* ASSIGNMENT *
All pictures are to be dropped, and the remaining data set down exactly.

* MATERIAL PROVIDED *
★ ★ ★

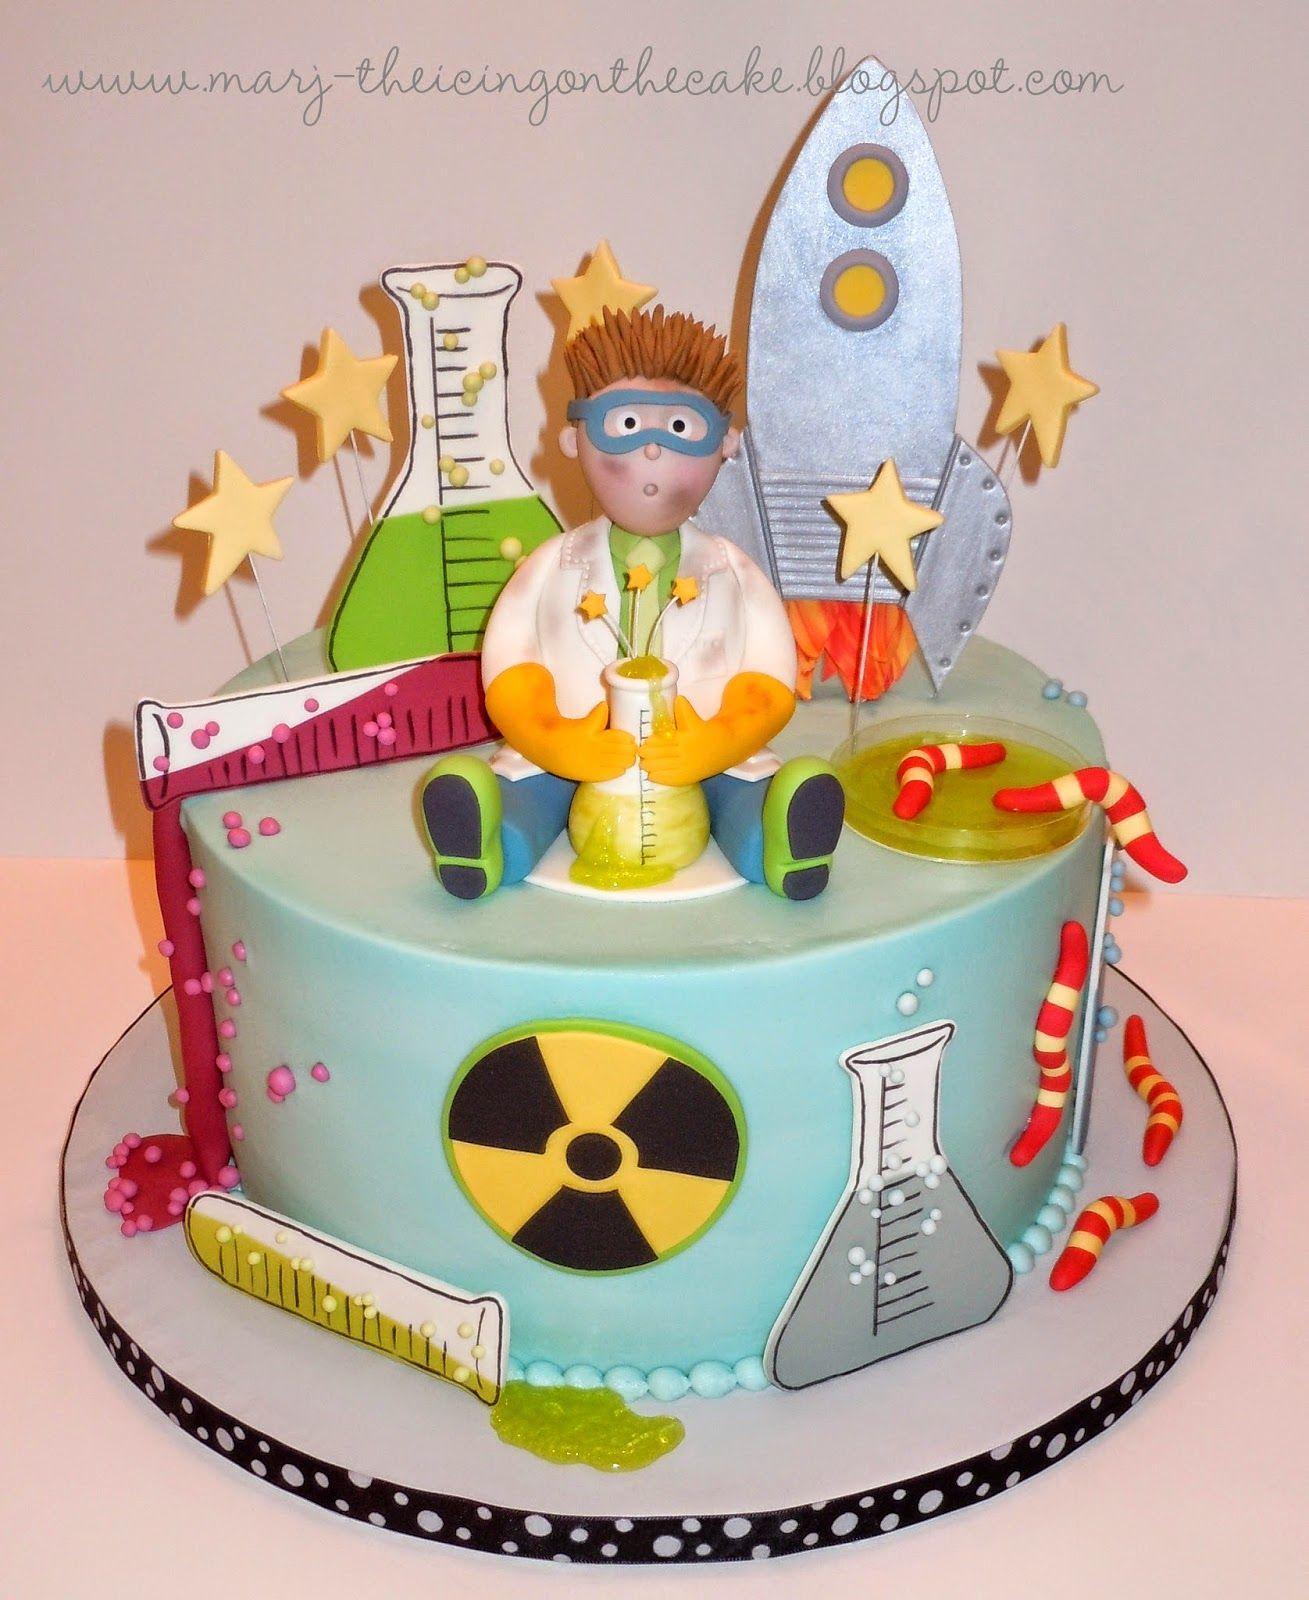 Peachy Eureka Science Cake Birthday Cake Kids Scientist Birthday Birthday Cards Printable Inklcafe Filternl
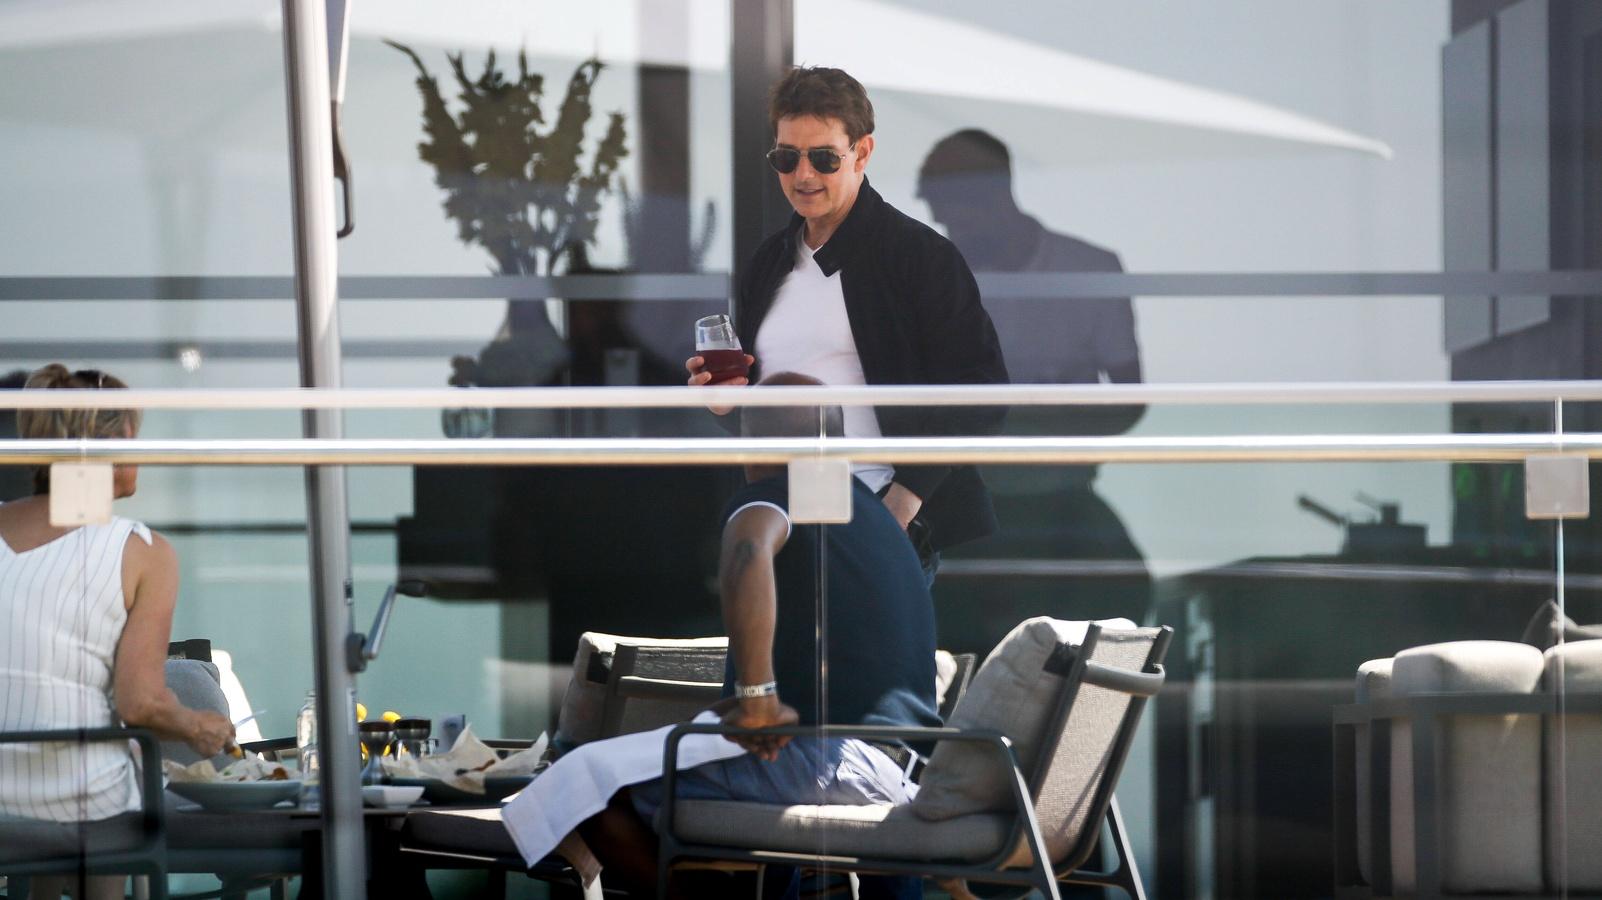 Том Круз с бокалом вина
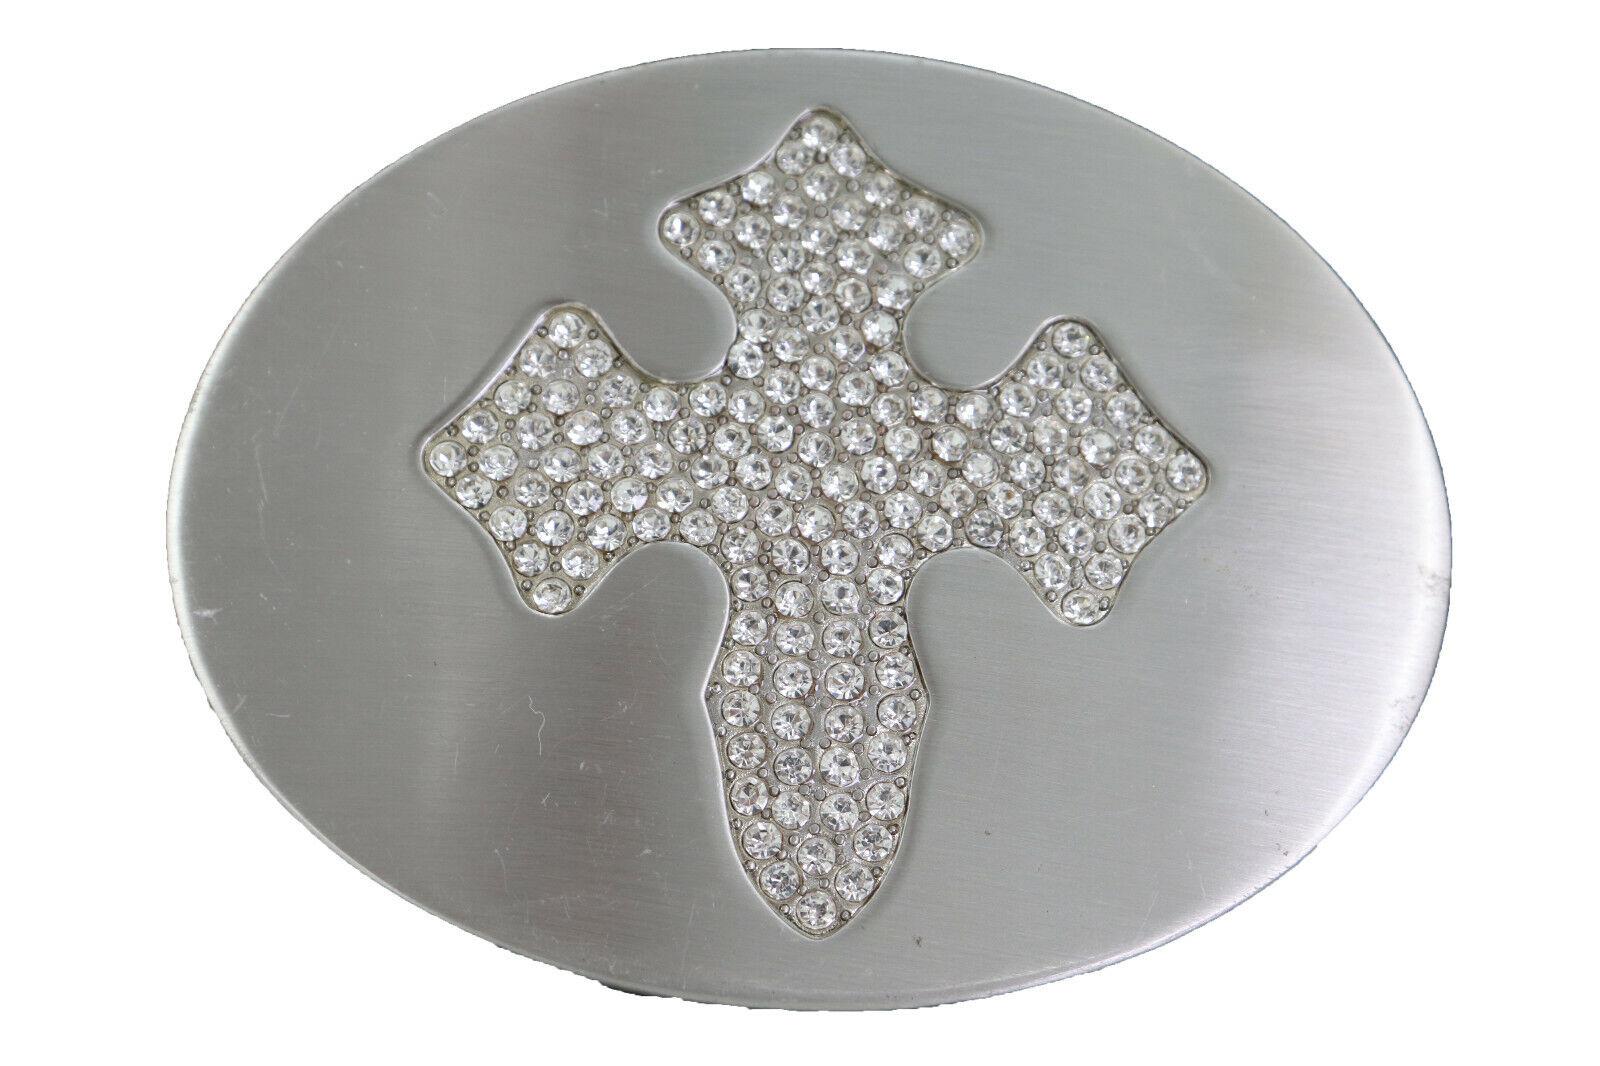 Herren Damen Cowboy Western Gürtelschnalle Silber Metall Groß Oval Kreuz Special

★ ★ ★

* RESPONSE TO THE EXERCISE *
 Peachy Eureka Science Cake Birthday Cake Kids Scientist Birthday Birthday Cards Printable Inklcafe Filternl
 Том Круз с бокалом вина
 Herren Damen Cowboy Western Gürtelschnalle Silber Metall Groß Oval Kreuz Special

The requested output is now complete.